# iTunes and iPhoto onto external hard drive



## MSM Hobbes

Ok, grab a pillow, refreshing drink, and your glasses,,, here be a long post.  Thanks! 

I've a MB and iMac [Intel versions], both running 10.4.11, and both have five different accounts [woman, 2 critters, me, and then me/admin]. Within ~4 of these 10 accounts, have collection of music in iTunes and photos in iPhoto. Desire is to put all music together and all photos together, on the external HD [Buffalo 500 GB FW+USB], moving all these from the two computers, freeing up internal HD space. So, there will be no music or photos [besides newly acquired] on the MB and iMac HD's themselves - just access all from the Buffalo. I've formatted 450GB into HFS+ [Mac OS extended - journaled], and then balance into MS-DOS, just in case ever wanted something there from my work Dell laptop.

Questions:
1. how best to move the songs to the external HD, from/with iTunes?
2. how best to move the photos to the external HD, from/with iPhoto?
3. what is best/safest/fastest means to then access the music?
4. what is best/safest/fastest means to then access the images?
5. can just move the iTunes and iPhoto folder themselves onto the ext. HD, and then access via holding down "option" when opening the application?
6. but if 5 is possible, what about all the images and songs in the other accounts? I don't want multiple iTunes and iPhoto on the ext. HD! So, is it possible then to just move the images themselves from these other accounts, into the iTunes/iPhoto app that I've moved to the HD first?

7. I will want to have backups of all music and photos onto another Buffalo HD, which will be in a safe.
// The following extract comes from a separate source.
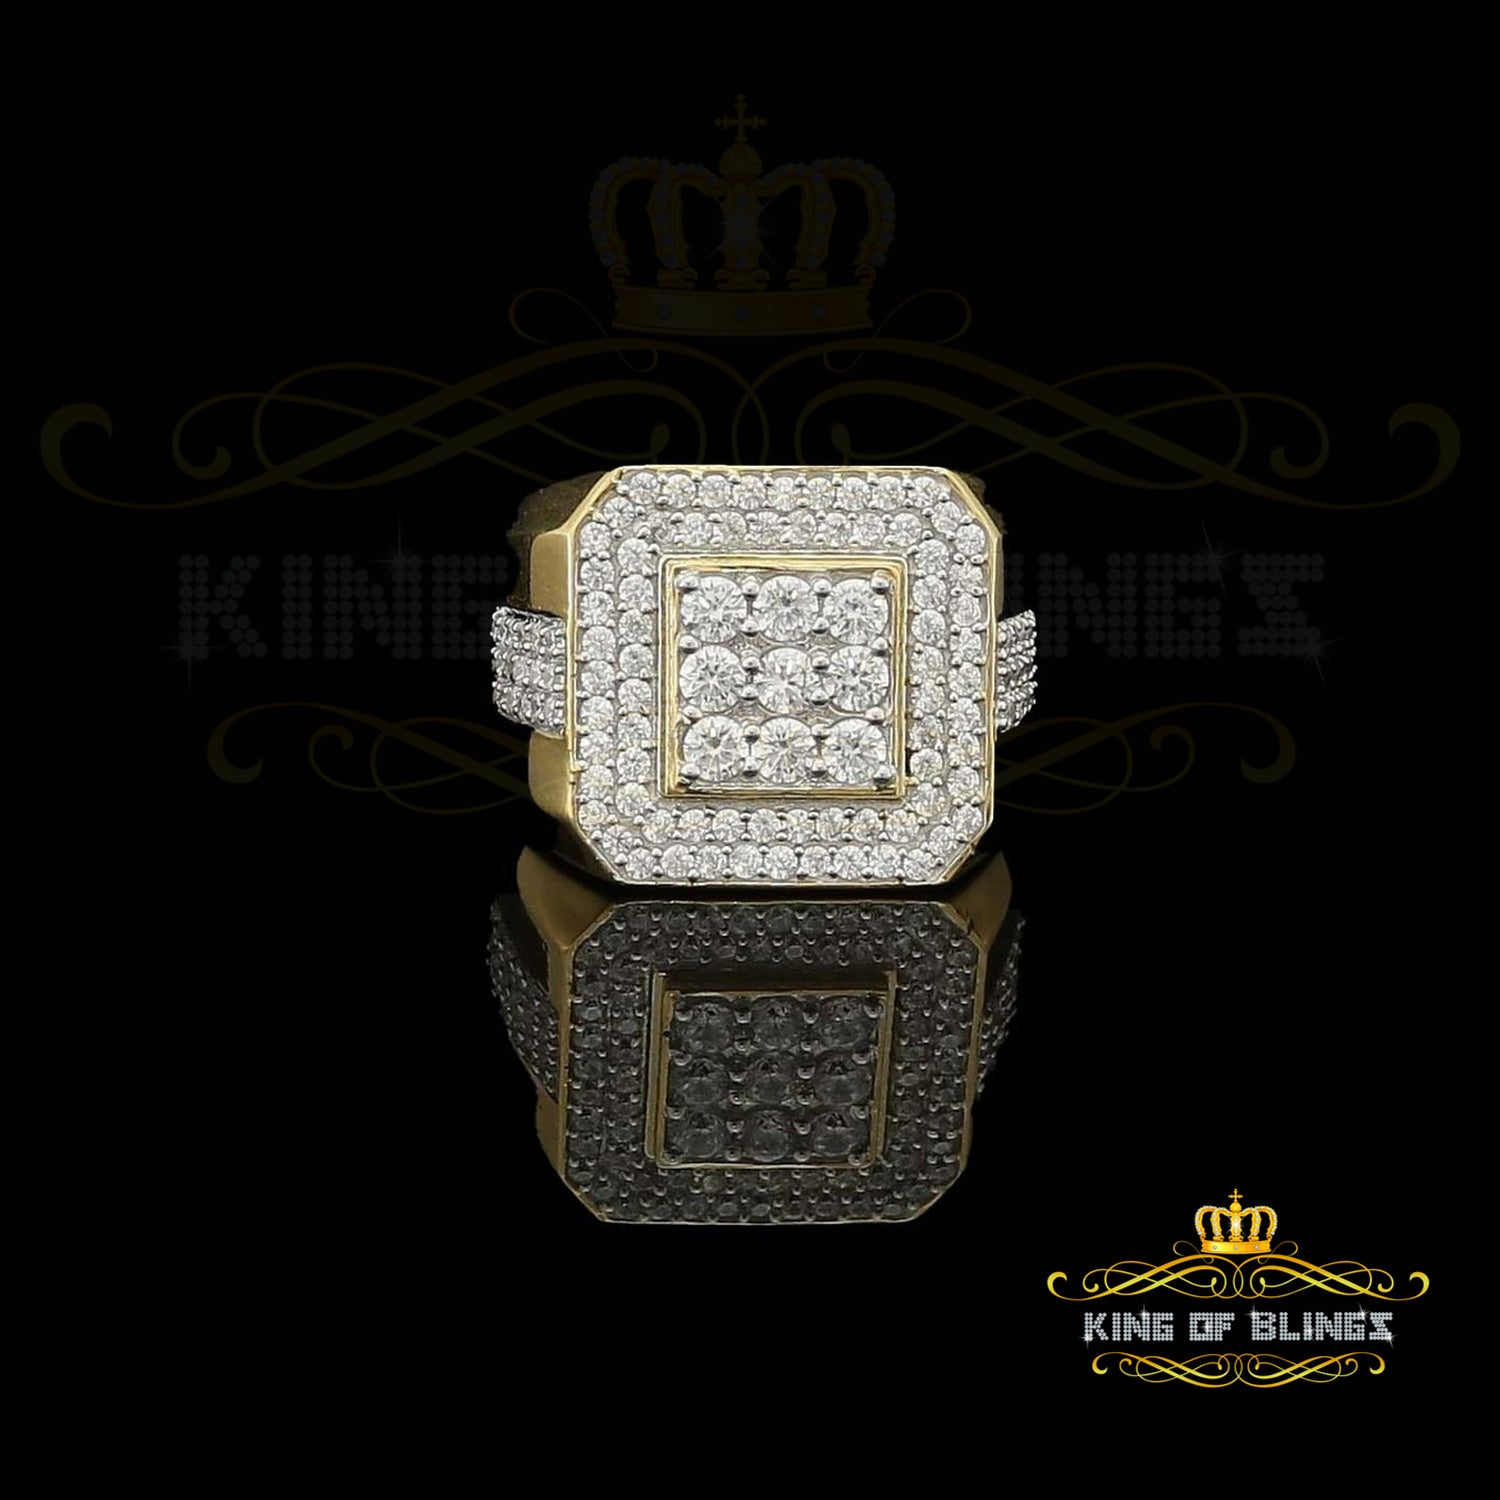 King Of Bling's 925 Silver Yellow Square 3.50ct Cubic Zirconia Men's Adjustable Ring Size 10 to 12 KING OF BLINGS

Yes, just a tad anal about this protection - but figured for the relatively low cost [~$135 each] for the external HD's, this is funds well spent to protect these images and songs. How would be best to update this, if done every 2-4 weeks or so? What application would be best?

btw, both iTunes and iPhoto are latest rendition via Tiger.
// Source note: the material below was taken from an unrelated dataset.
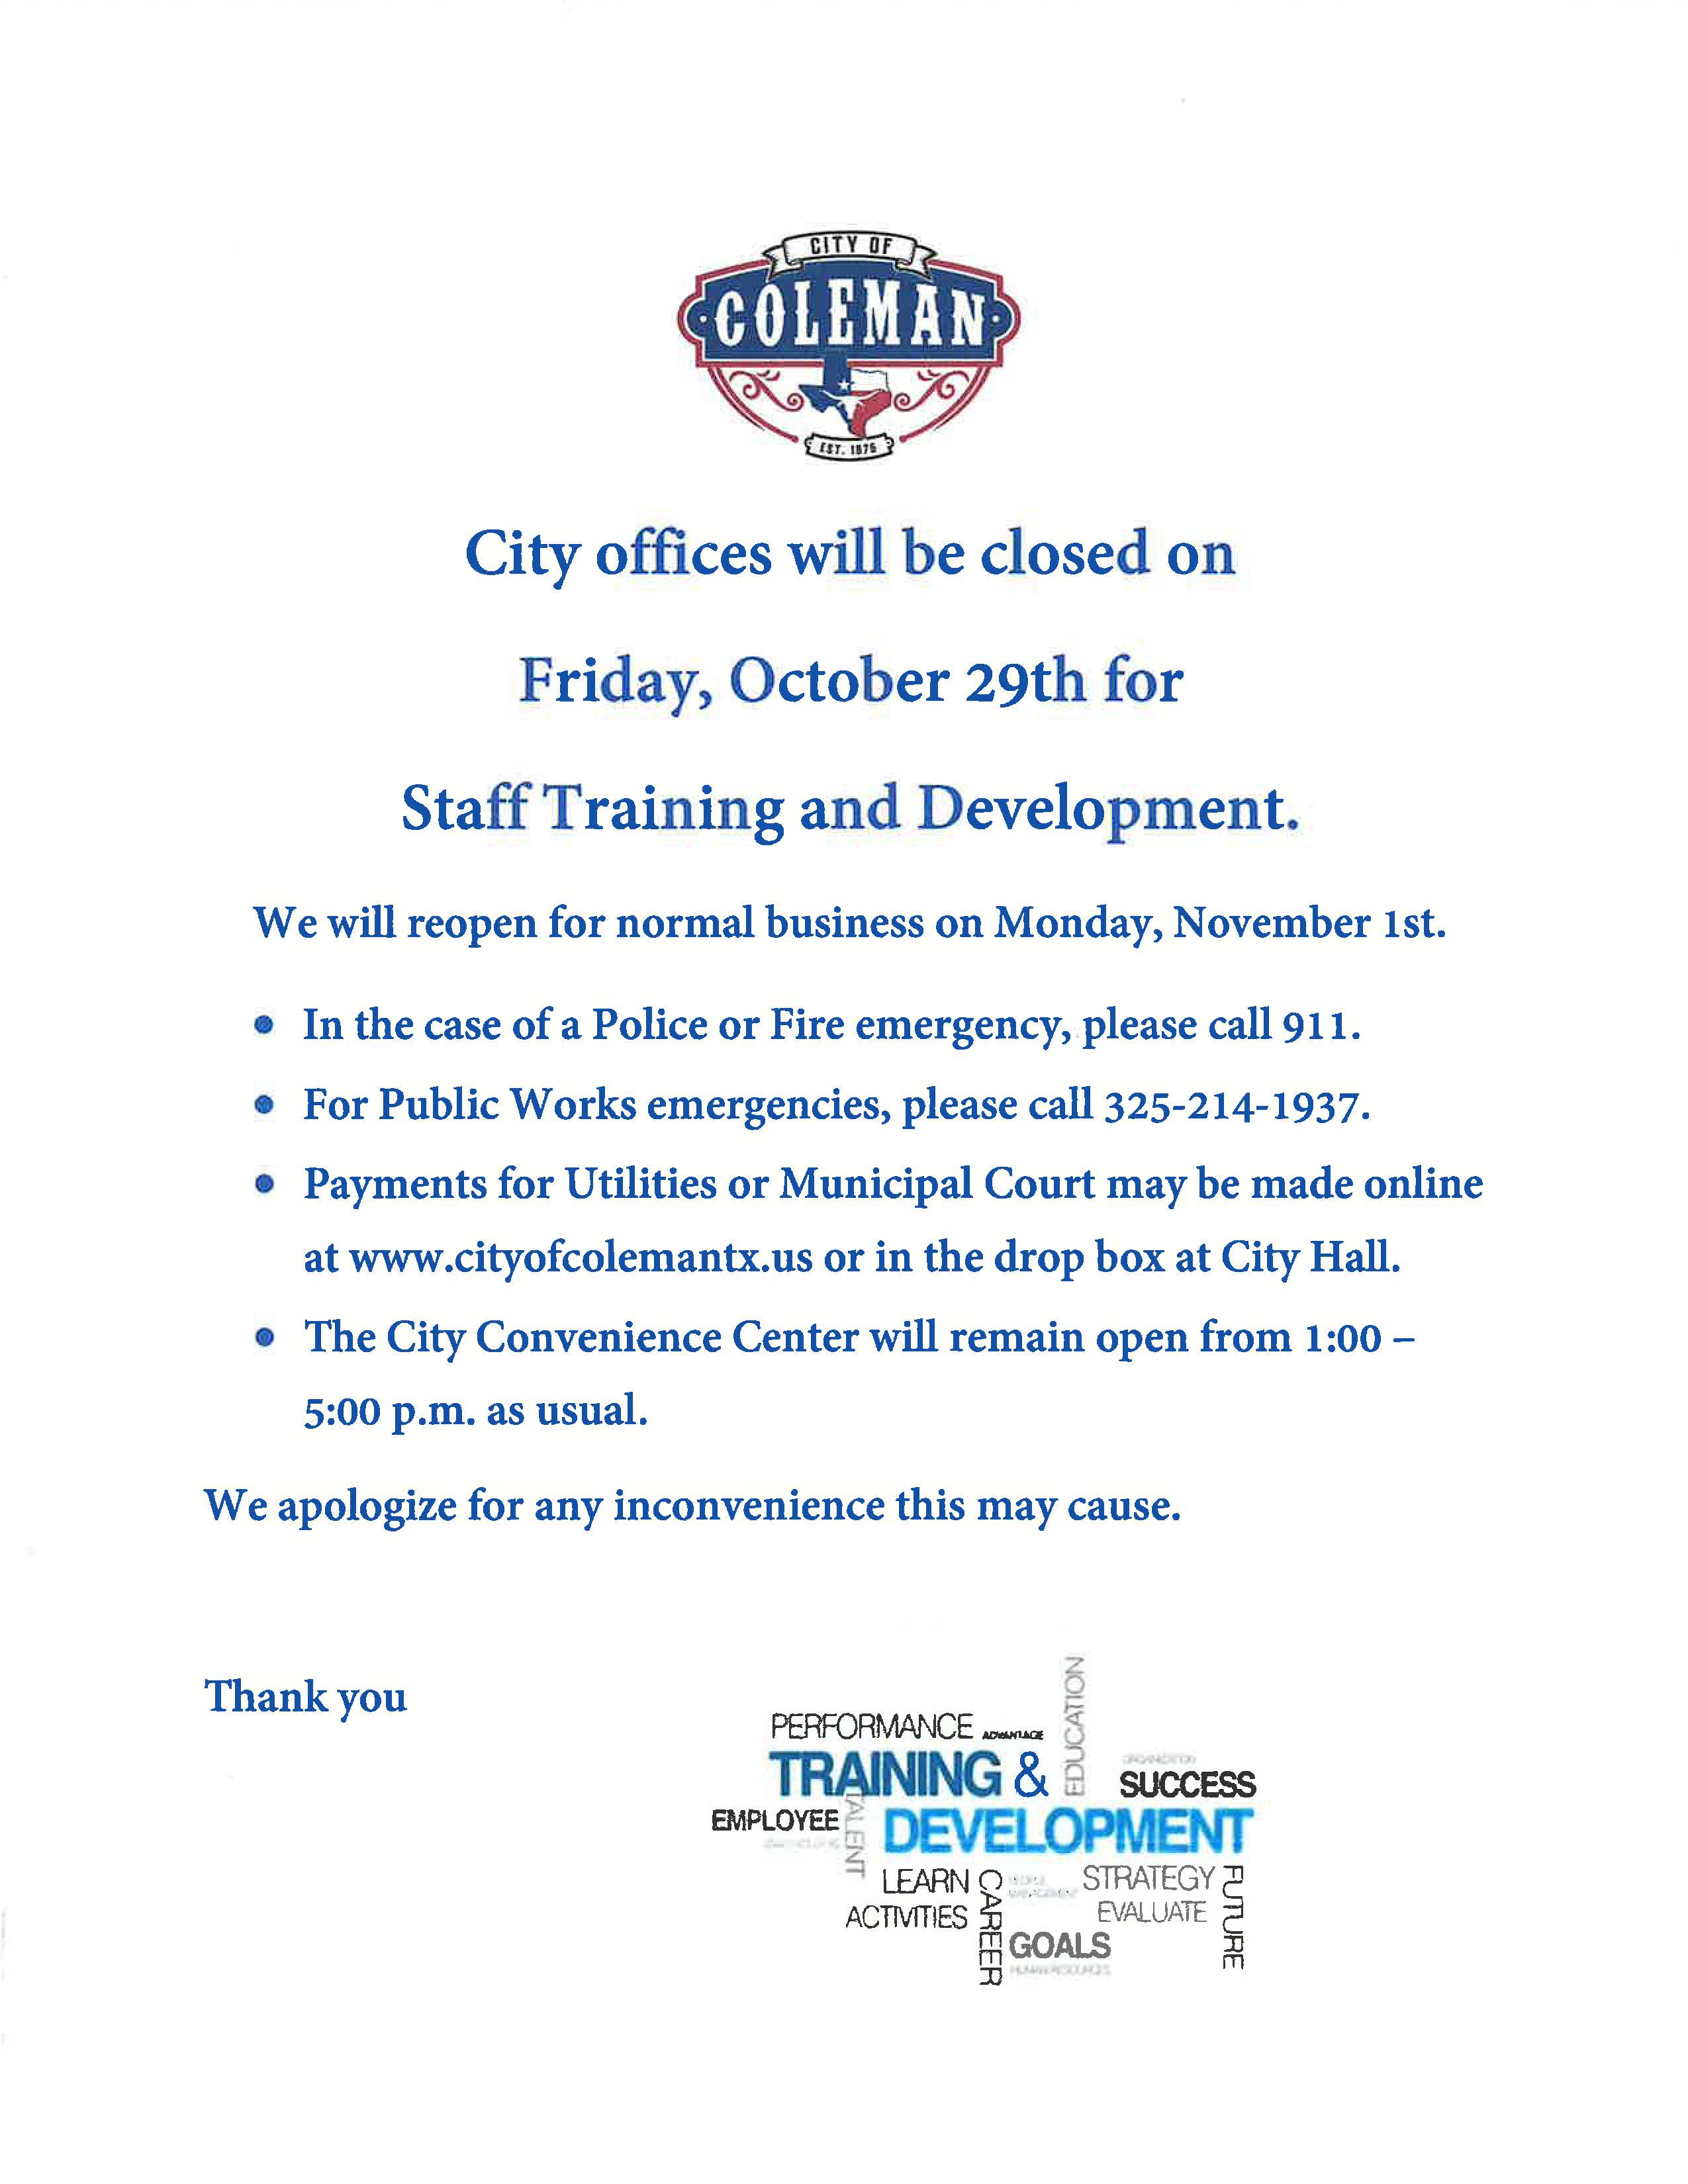 City offices closed on October 29th.

Thanks much! Sorry for the length of this post - just desire to make sure get it all right, do not want to lose any of the 10's of thousands of photos that have, for example...

Can I believe its just as simple as what is within these docs:
http://support.apple.com/kb/HT1449?viewlocale=en_US
http://support.apple.com/kb/HT1229
But even if so, how then how to move the other photos/songs from the other accounts into the same new folder that is then moved over to the external HD?

ps: I've read about apps such as iPhoto Buddy [which doesn't seem to be available - host site saying 'exceeded limit' ] and iPhoto Library Manager - anyone actually use these, have any pros/cons to mention?


----------



## Serge_N_Gin

MSM Hobbes said:


> Within ~4 of these 10 accounts, have collection of music in iTunes and photos in iPhoto. Desire is to put all music together and all photos together, on the external HD [Buffalo 500 GB FW+USB], moving all these from the two computers, freeing up internal HD space.


OK, so far this seems perfectly achievable and I think I understand your needs and aims but I'm not clear on how you will connect your 2 Macs to the 1 ext HD, or is that not part of your plan? Optimally, you will also need to have the ext HD connected before firing up either iTunes or iPhoto.

I'd also suggest a full backup of your iPhoto/iTunes media before making a start with the shift.

*Here's a thread* where the OP seems to be asking the same question as you.

Another Link re:

_*Share your iTunes music library over your home network*_



> 1. how best to move the songs to the external HD, from/with iTunes?


I'd stick to the advice found at your provided link.

http://support.apple.com/kb/HT1449?viewlocale=en_US

Here is another more in-depth explanation to help with the process:

_Managing your iTunes Library on an External Hard Drive_



> 2. how best to move the photos to the external HD, from/with iPhoto?


Once again, you've provide the answer.

http://support.apple.com/kb/HT1229

I suggest that you wait a week or so to make sure there aren't any problems before you drag the original iPhoto Library in your _Home ~> Pictures_ folder to the Trash.

_10.4: Share an iPhoto library among multiple users_



> 3. what is best/safest/fastest means to then access the music?


After enabling Sharing for the main iTunes account held on the ext HD, then each user would see the library in the left column of the library, when they fire up iTunes in their respective accounts.



> 4. what is best/safest/fastest means to then access the images?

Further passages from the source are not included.